Many of us preach about Christ-like ministry being relational by nature, and the good news about that this applies to helping people after the unprecedented devastation of Harvey. As one whose family has been displaced by a hurricane, I have learned there are many unsung needs that churches (read: any community) can take joy in meeting over time. Relational ministry means getting to develop friendships to learn those quiet needs and finding creative ways to meet them over time. It is mutually life giving, even as it is vital for those you may get to “adopt.”
Please don’t think you’re unqualified or unable: the great practical part of relational post-disaster help is that it is what you make of it, so you get to manage your own wallet, energy and time so your help fits in with your schedule’s boundaries and your church’s/communities’ resources. The possibilities are more connected to your creativity, dedicated consistency and the Holy Spirit’s leaning. Don't let it stop you from dreaming big.

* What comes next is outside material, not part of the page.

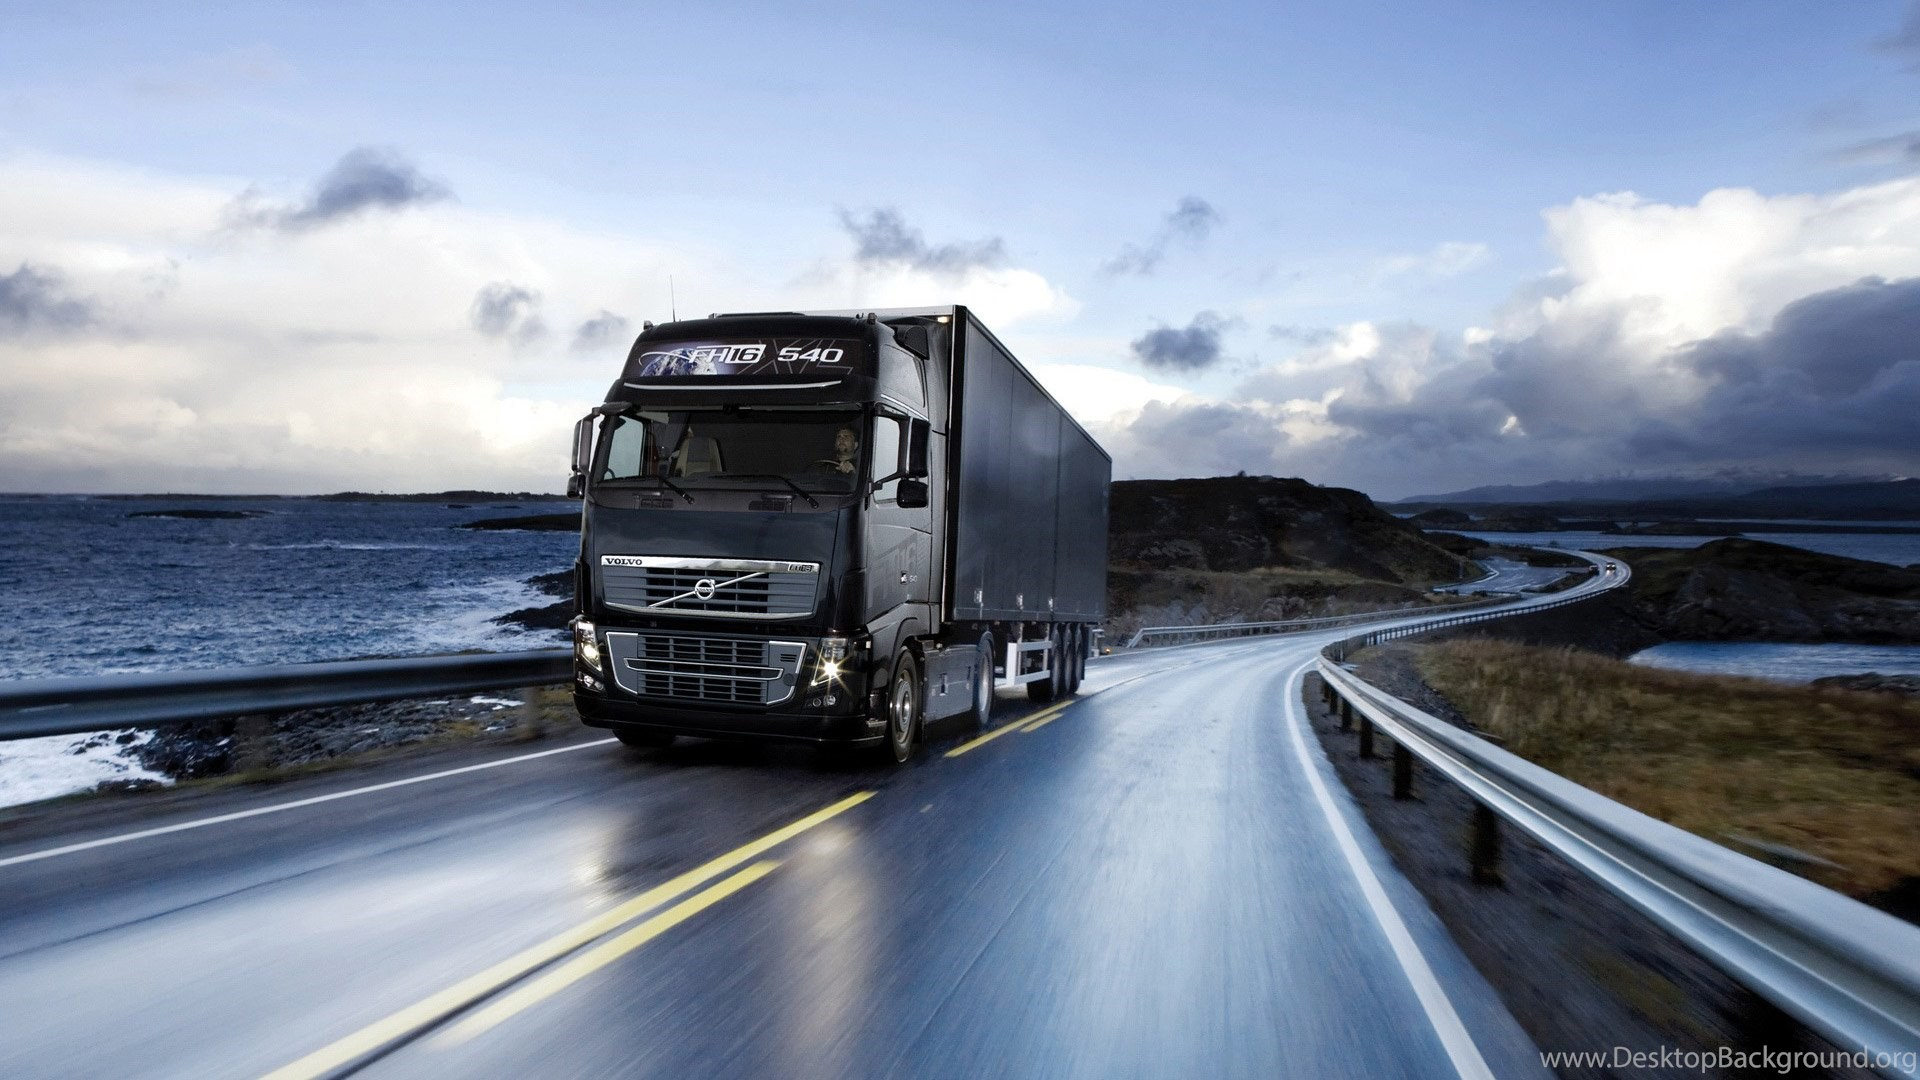 Volvo Truck Wallpapers Images Photos Pictures Pics Desktop

I invite you - ok, maybe I am begging - you to mindfully invest in some friendships with folks recovering from this bigger-than-disaster devastation. Come alongside them, lift their spirits, focus on relationships that will uniquely reveal the unsung vital needs that are not on the news. Anticipate experiencing miracles as God guides you to learn from them, and as you send them anything from bottled water to children’s artwork of encouragement to a simple text with a prayer and a sincere+listening “How are you?”. Below are simple ways to involve yourself in this journey.
IMAGINE
But first, in case you’re numb or too far away to register this, I’ll briefly paint a picture.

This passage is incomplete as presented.